** Task brief **
Omit all images, then repeat exactly the lines below from the one containing "Lijnrechte LED plafondlamp Quadra, dimbaar" through the one containing "nike kontrolle - id", both ends included.

** Records for this exercise **

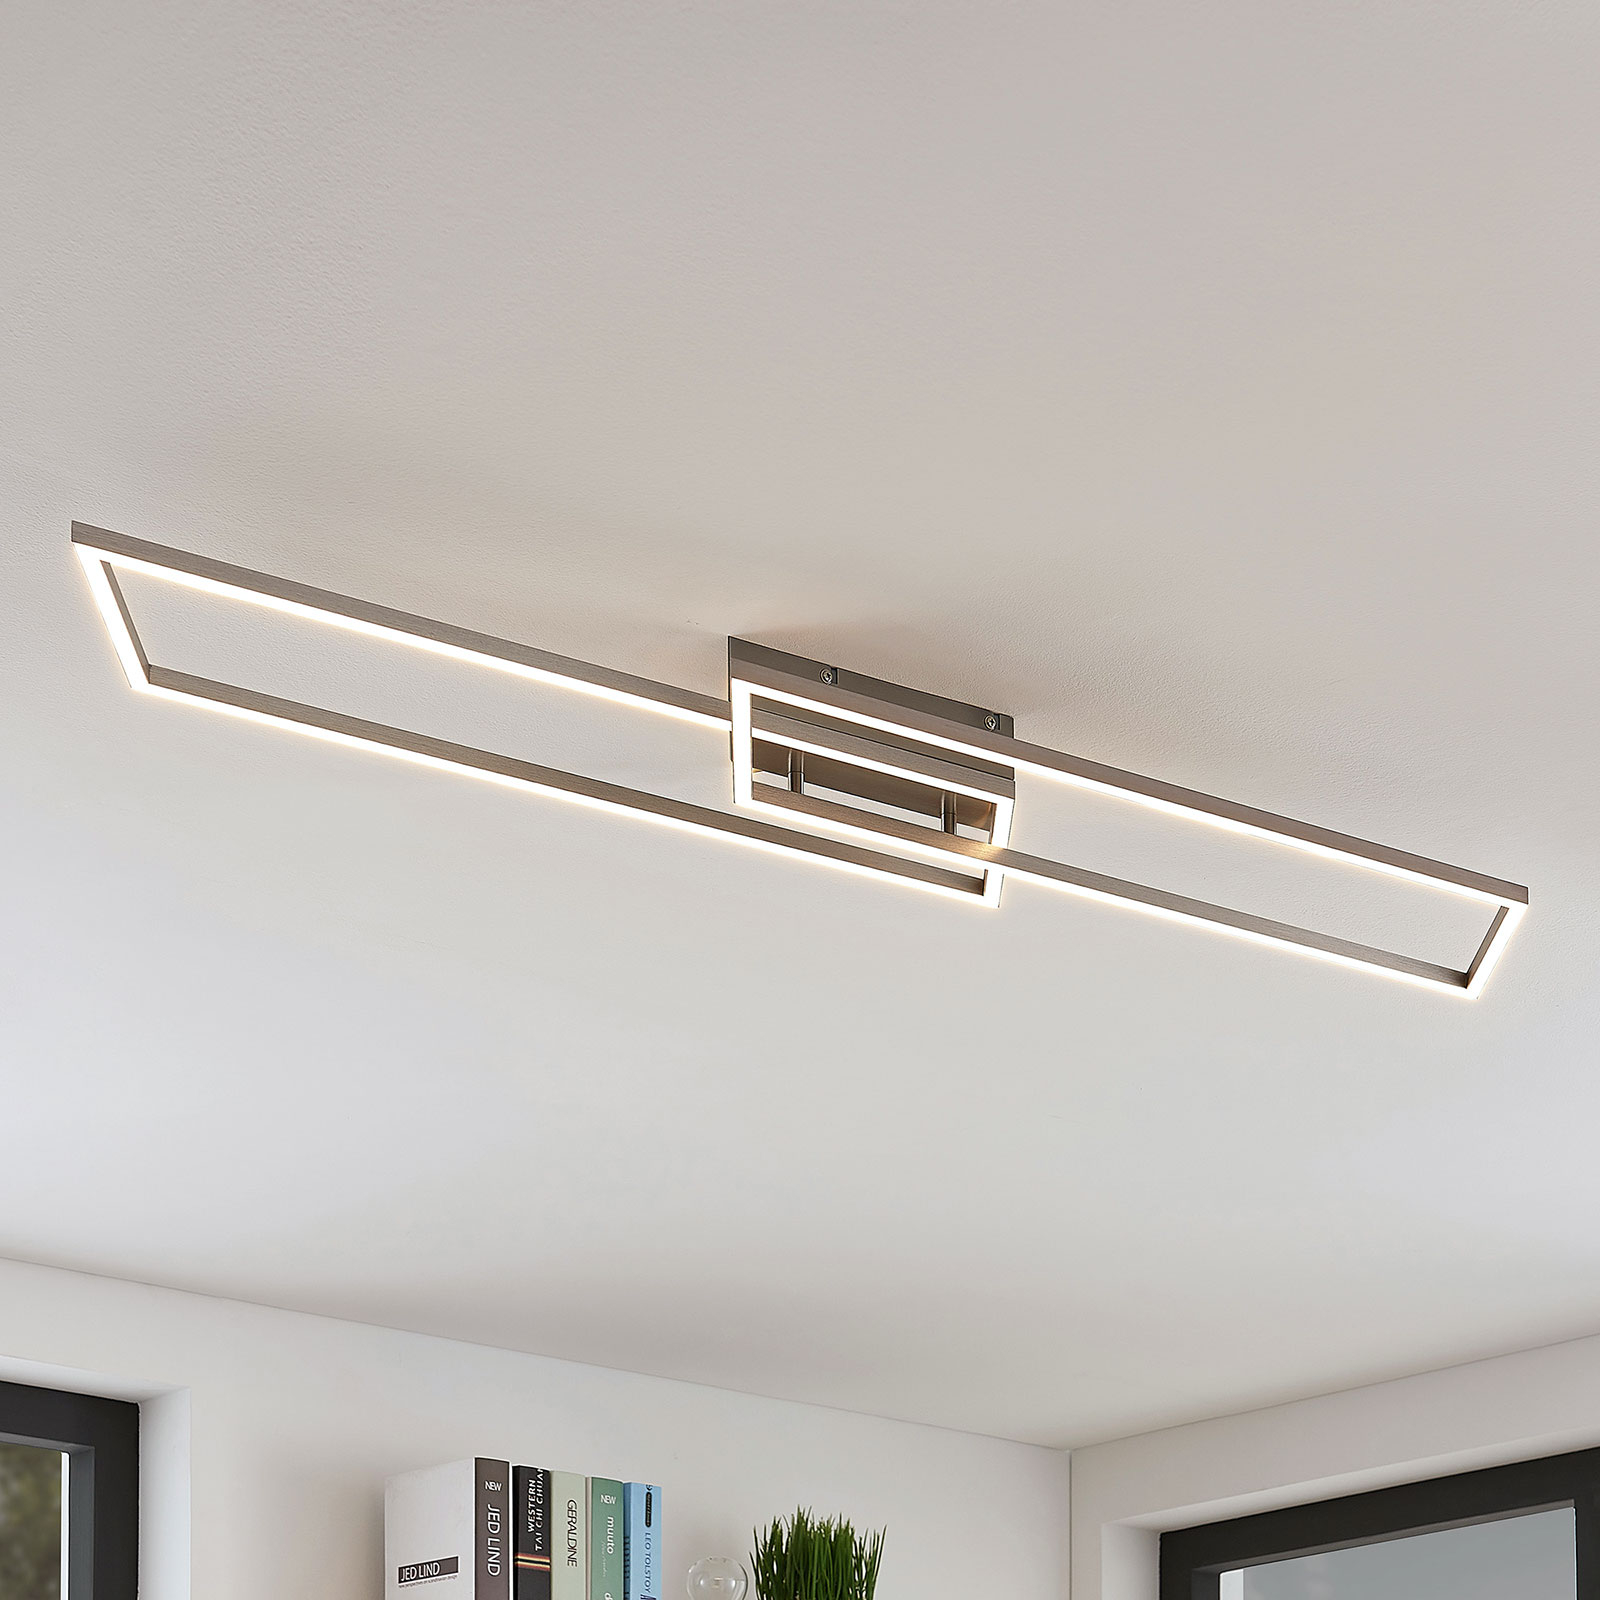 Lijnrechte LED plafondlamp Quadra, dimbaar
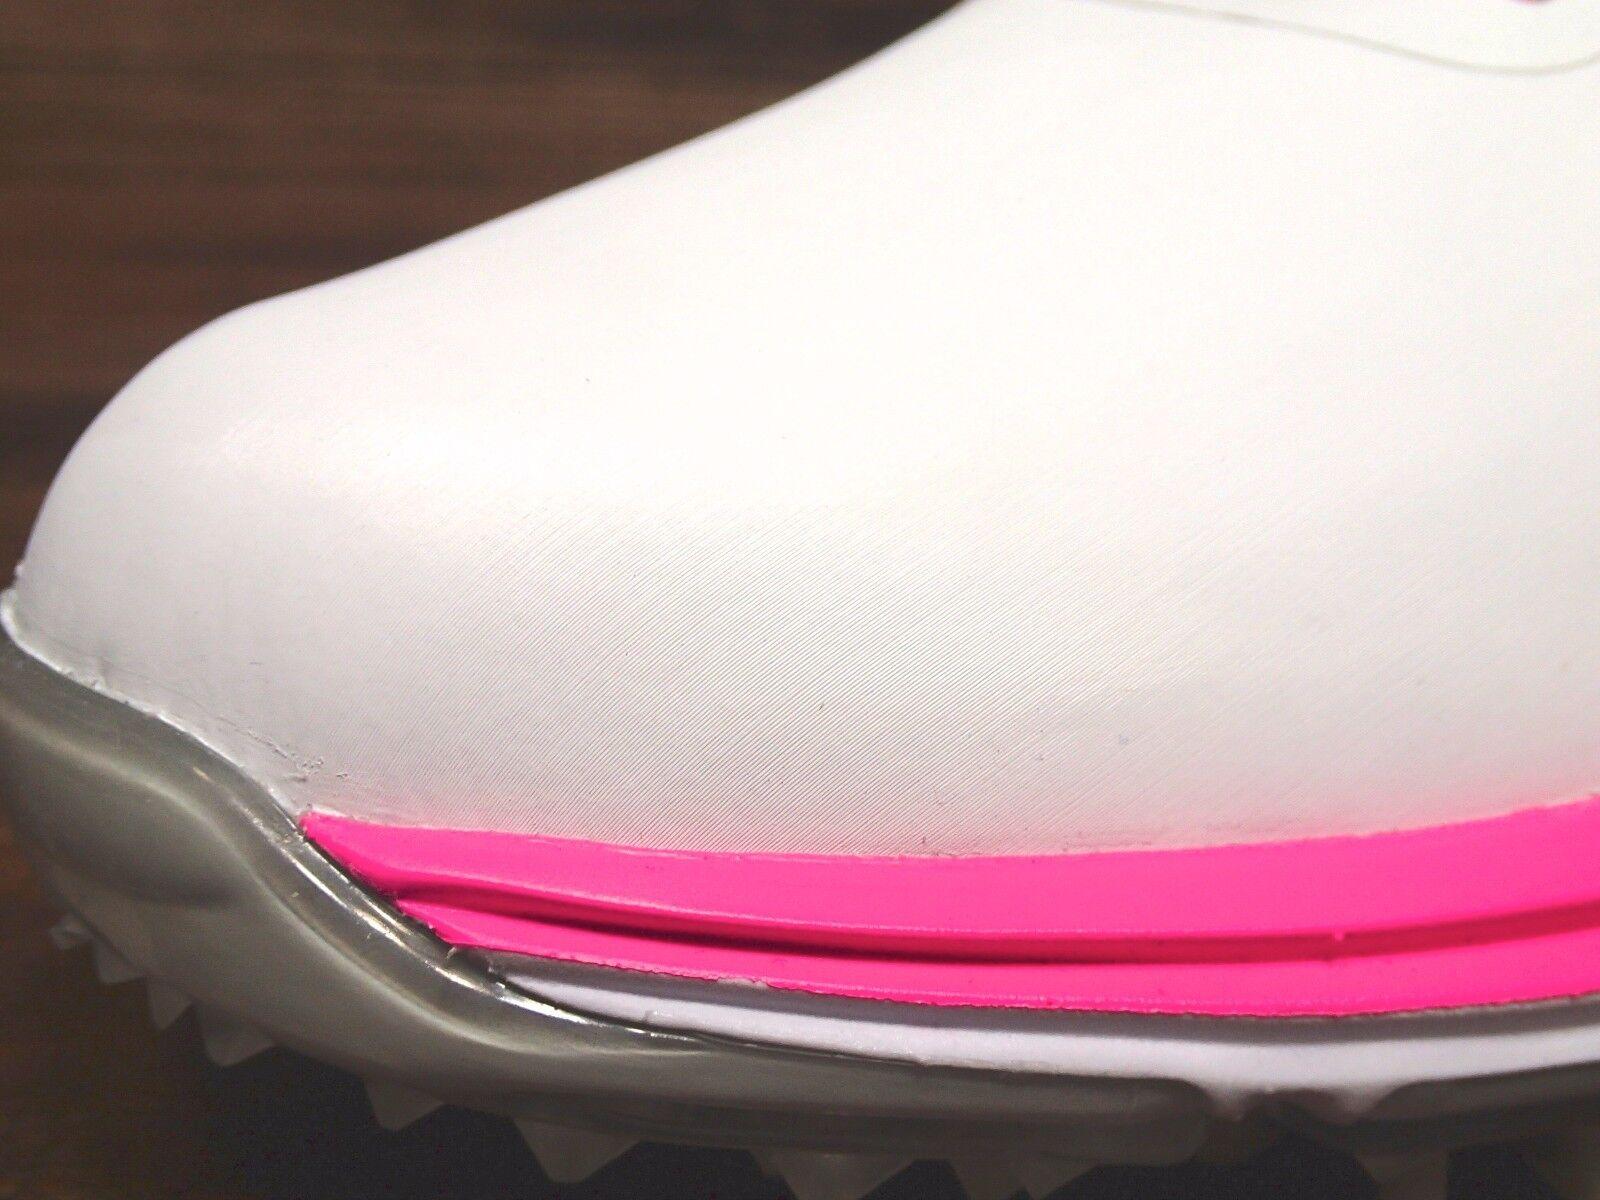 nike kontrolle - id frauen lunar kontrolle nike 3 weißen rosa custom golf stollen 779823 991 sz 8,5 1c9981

---

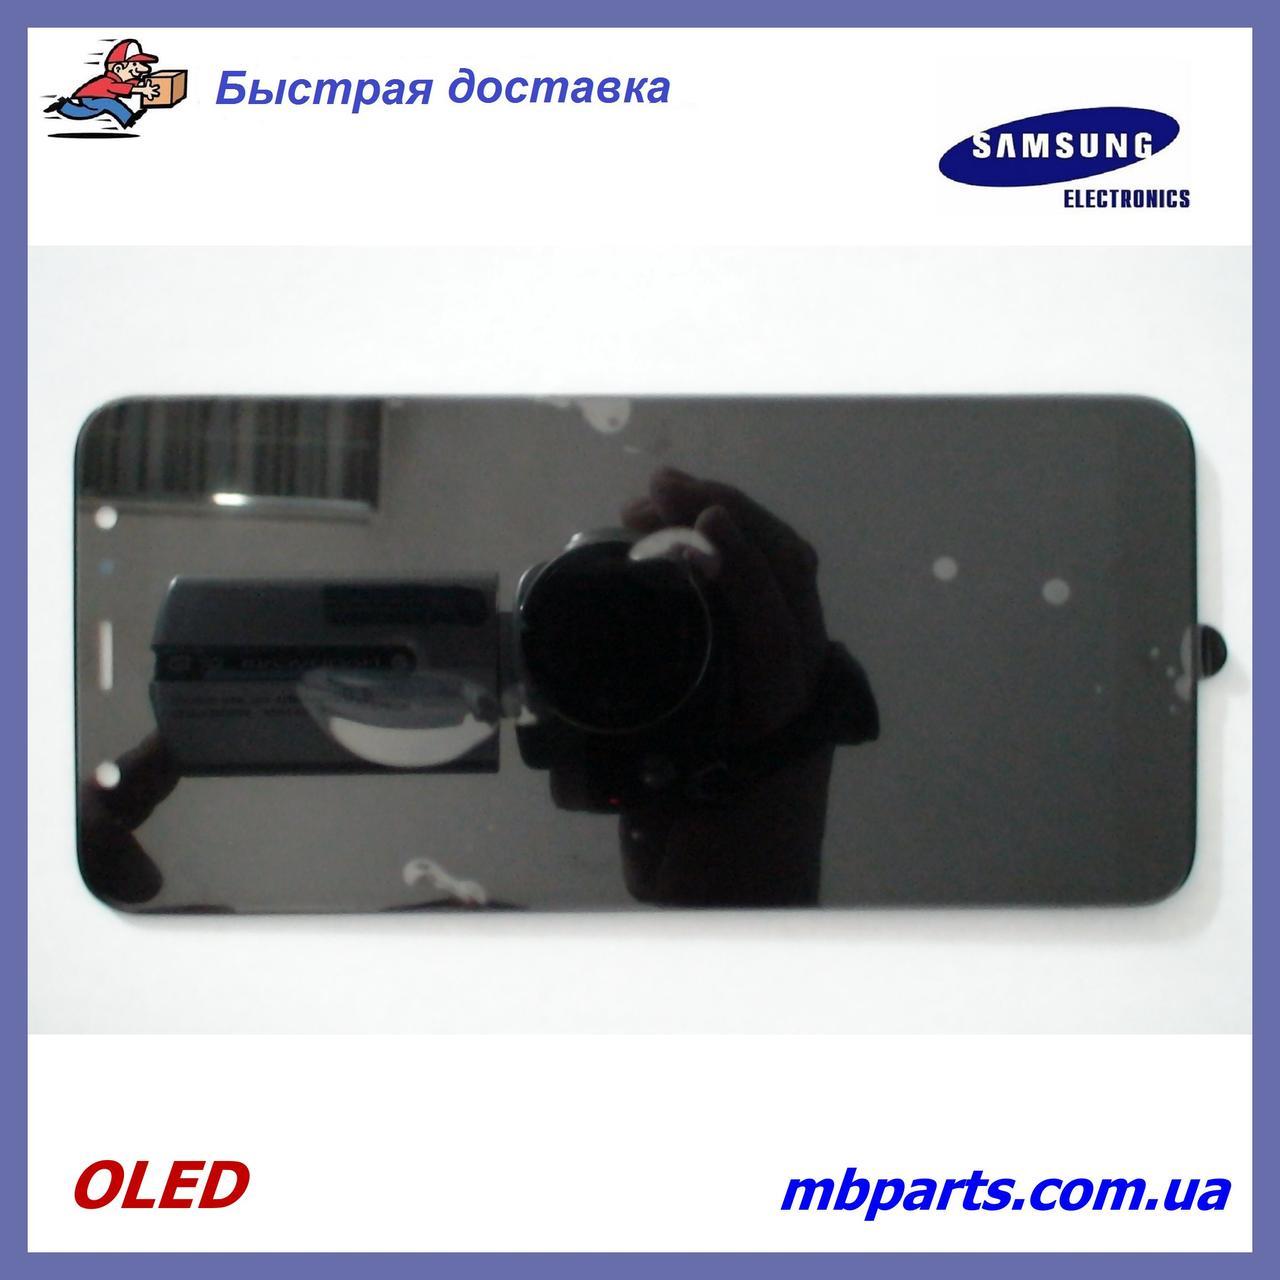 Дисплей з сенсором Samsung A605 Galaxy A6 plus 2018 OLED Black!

** Solution to this problem **
 Lijnrechte LED plafondlamp Quadra, dimbaar
 nike kontrolle - id frauen lunar kontrolle nike 3 weißen rosa custom golf stollen 779823 991 sz 8,5 1c9981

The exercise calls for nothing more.